M. Trump a immédiatement trouvé le soutien du puissant lobby des armes à feu, la NRA, qui a appelé sur Twitter à soutenir le second amendement et par conséquent à voter pour Donald Trump.

Seule la Cour suprême serait à même de modifier cet amendement. L’un des neuf postes est vacant depuis la mort mi-février du juge ultra-conservateur Antonin Scalia, et la Cour est désormais divisée entre 4 progressistes et 4 conservateurs.

Il y a de fortes chances qu’il revienne au successeur de Barack Obama – dont le candidat désigné est dans les limbes devant le blocage du Sénat républicain – de nommer le nouveau juge.

C’est l’un des enjeux cruciaux de cette présidentielle.

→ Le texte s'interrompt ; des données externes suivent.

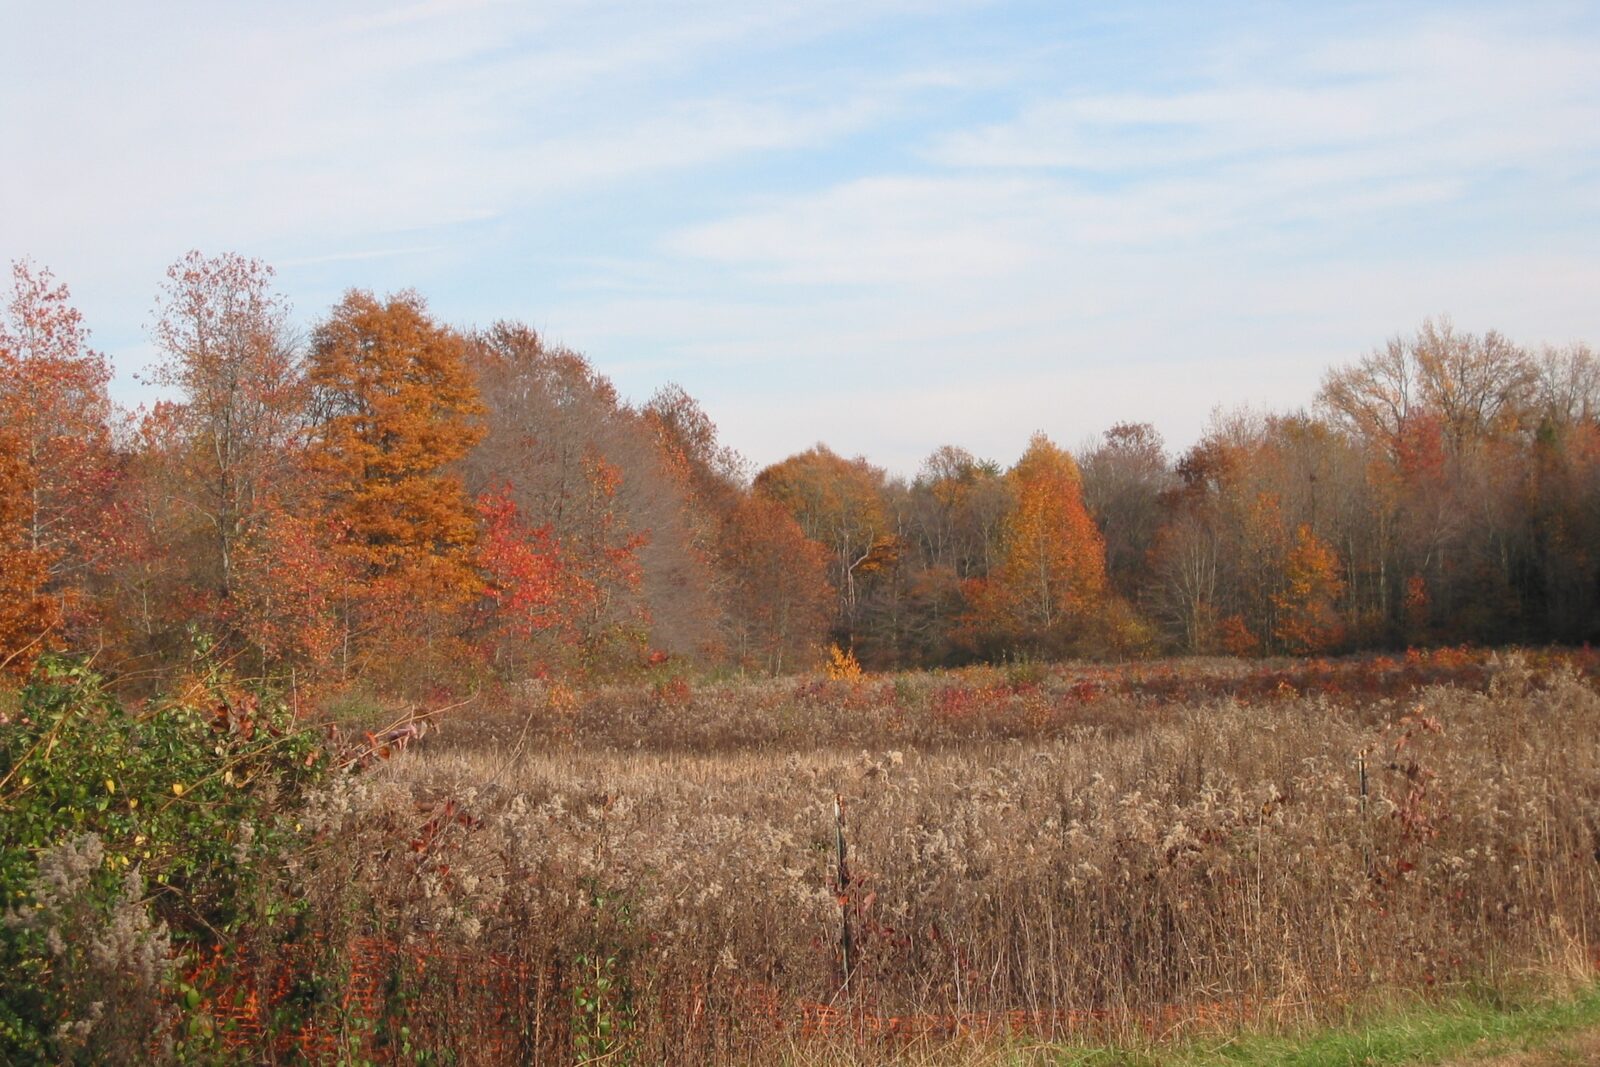 Wild Meadow on a Farm near Ark Road

Nommés à vie, ces juges ont un pouvoir énorme sur les questions de société.

Mais l’argument de la campagne du milliardaire n’a pas vraiment convaincu, si l’on en croit la réaction sur les réseaux sociaux.

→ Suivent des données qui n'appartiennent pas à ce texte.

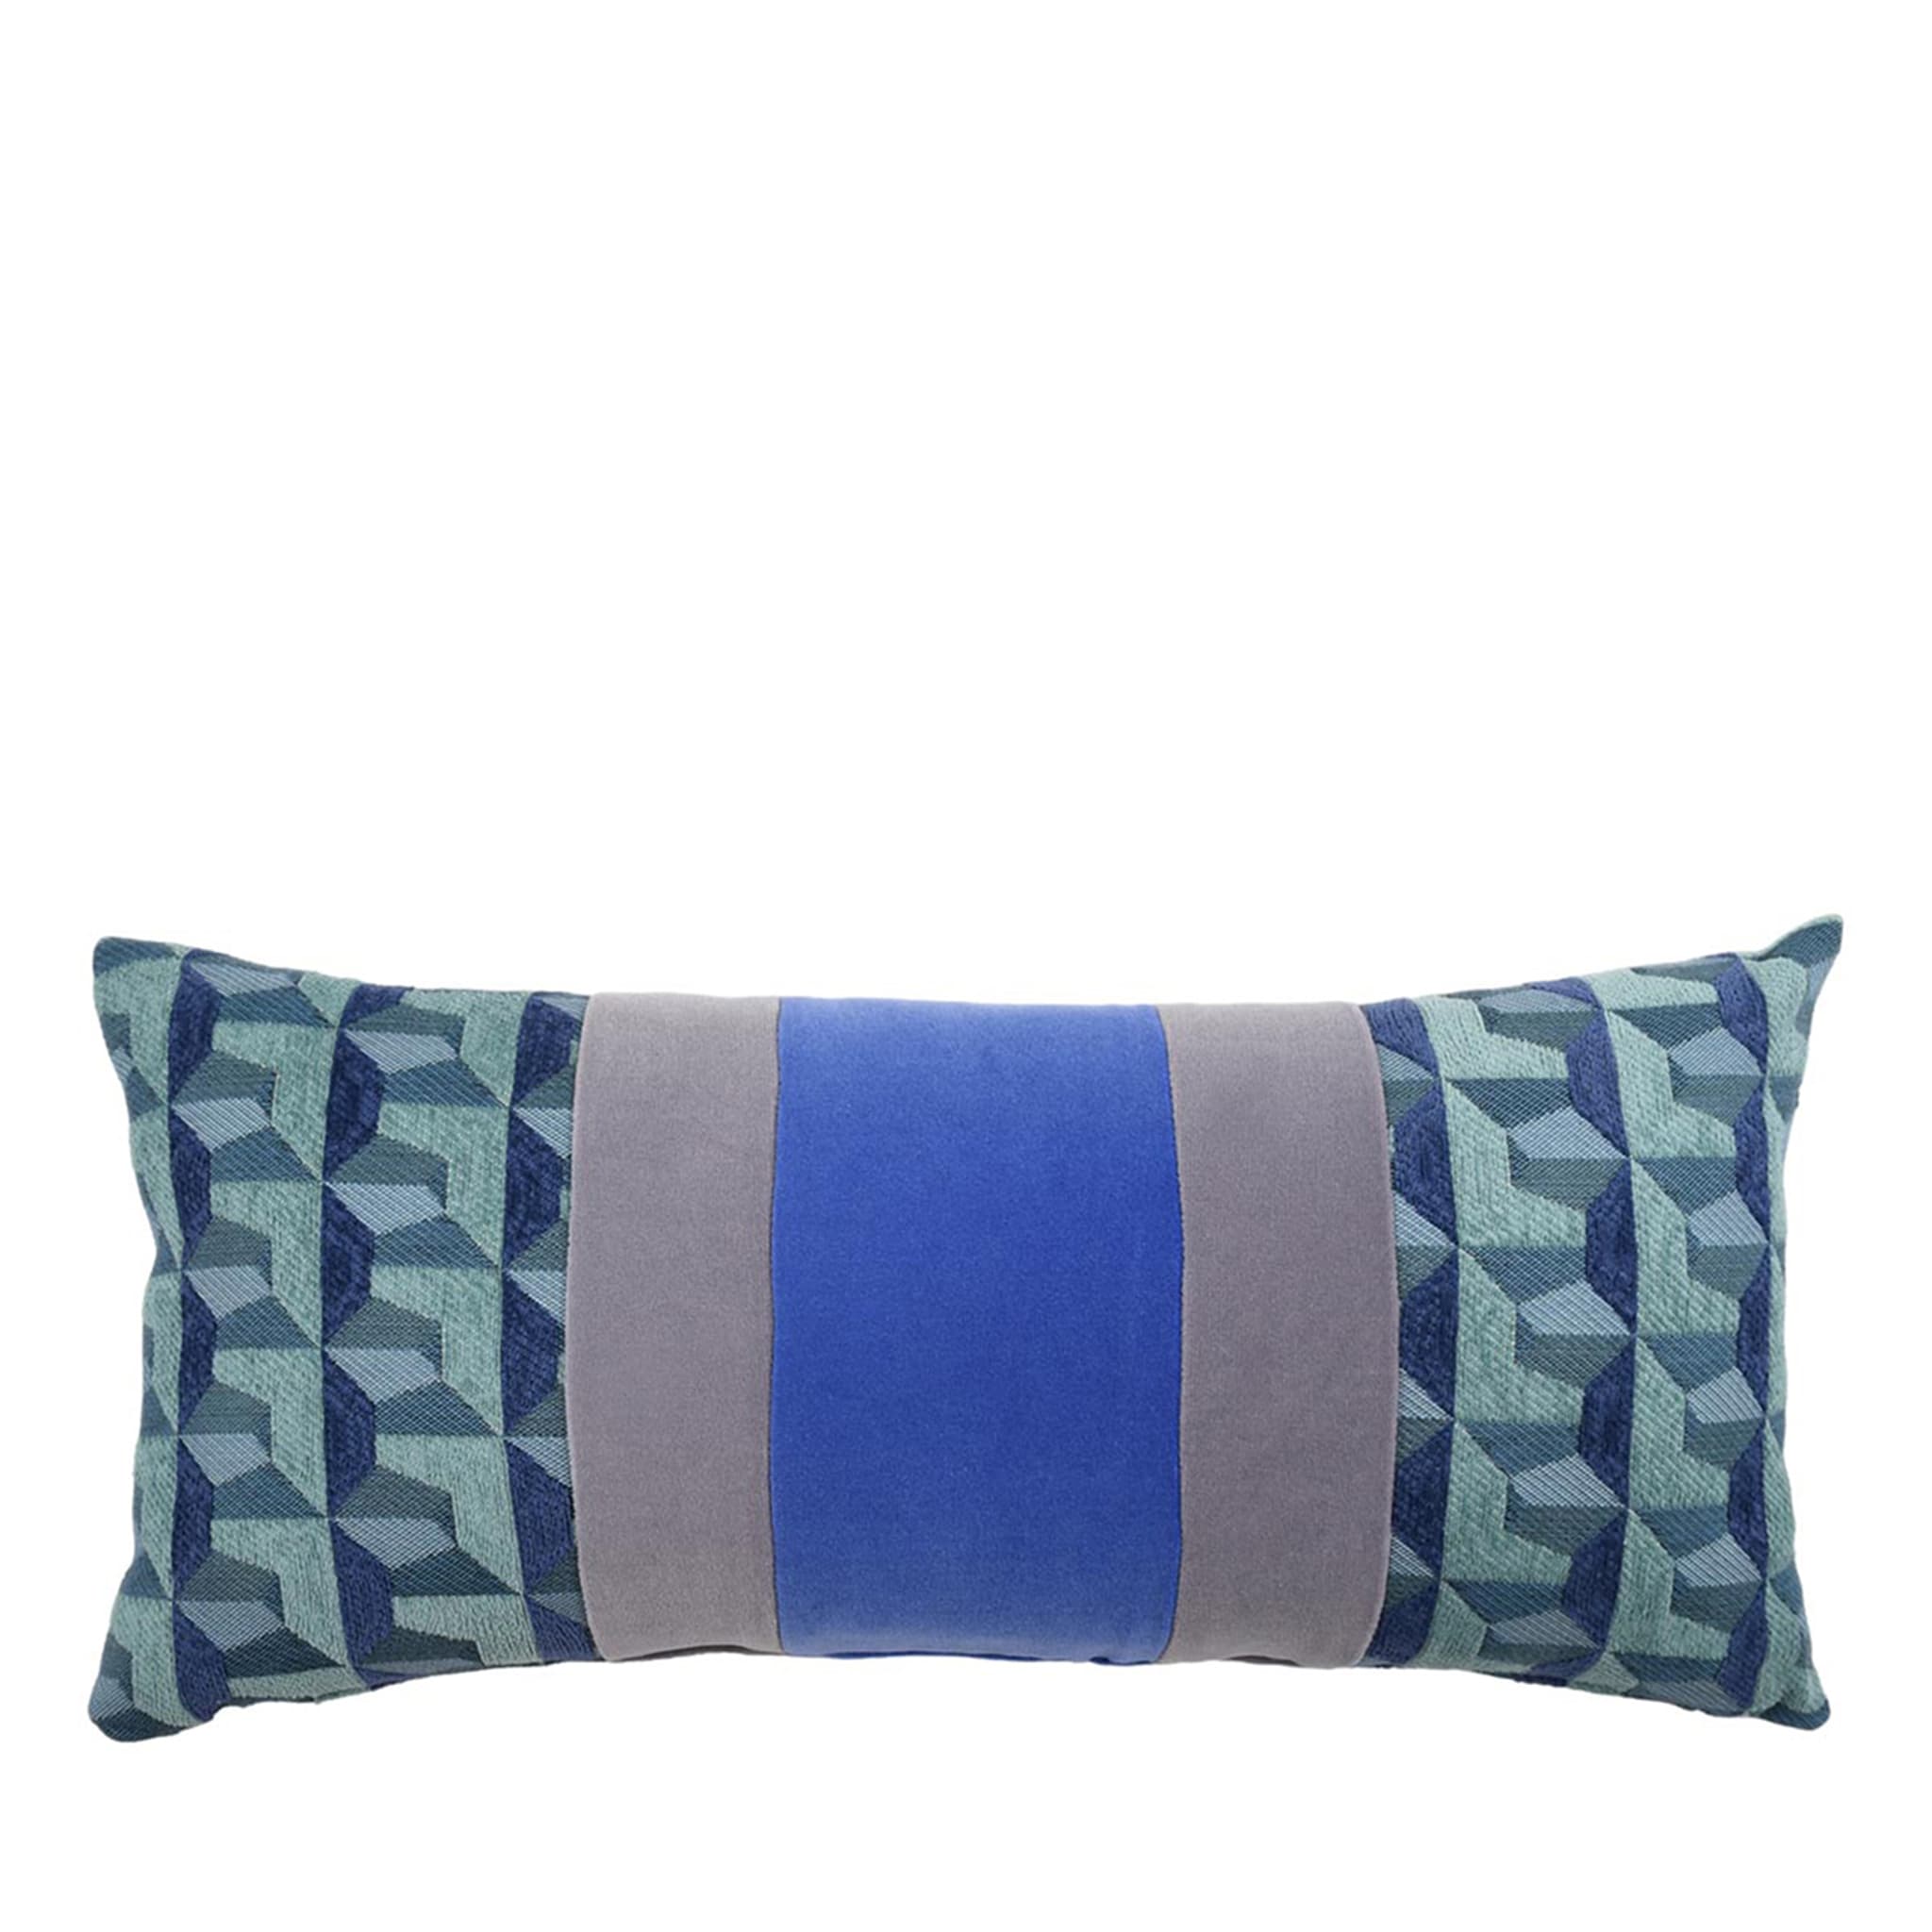 Rectangular Nastro Cushion in geometric jacquard fabric - Main view

Le directeur de campagne de Hillary Clinton, Robby Mook, a lui aussi rapidement réagi, en accusant M. Trump d’utiliser un «langage dangereux».

«Une personne qui cherche à devenir président des Etats-Unis ne devrait pas lancer un appel à la violence sous quelle que forme que ce soit», a-t-il souligné. 

«Saisissants» 

Chris Murphy, sénateur démocrate du Connecticut, où 20 enfants ont été abattus dans une école par un déséquilibré armé d’un fusil-mitrailleur en 2012, s’est dit dégoûté.

«Ce n’est pas un jeu, des gens instables armés de puissantes armes à feu et une haine irrationnelle pour Hillary vous écoutent, @realDonaldTrump», a tweeté le sénateur. «Abject», a renchéri le parlementaire démocrate David Cicilline.

La réprobation s’est élevée également dans le camp républicain.

L’ex-directeur de la CIA Michael Hayden a qualifié ces propos d’«extrêmement saisissants», qui «suggèrent soit une référence de très mauvais goût à un assassinat politique et une tentative d’humour, soit un incroyable manque de sensibilité».

Il fait partie de cinquante républicains ayant exercé d’importantes fonctions dans l’appareil américain de sécurité nationale qui ont dénoncé lundi l’ignorance et l’incompétence de Donald Trump.

Dans une lettre ouverte publiée dans le New York Times, ils ont estimé que le milliardaire serait «le président le plus dangereux de l’histoire américaine».

L’influente sénatrice Susan Collins est allée dans le même sens mardi, affirmant dans le Washington Post qu’il «ne mérite» pas la Maison-Blanche et qu’elle ne le soutiendra pas.

Le Secret Service – qui assure la sécurité de hautes personnalités et notamment des deux candidats – a dit être «au courant» des commentaires de M. Trump, sans préciser s’il avait l’intention d’enquêter.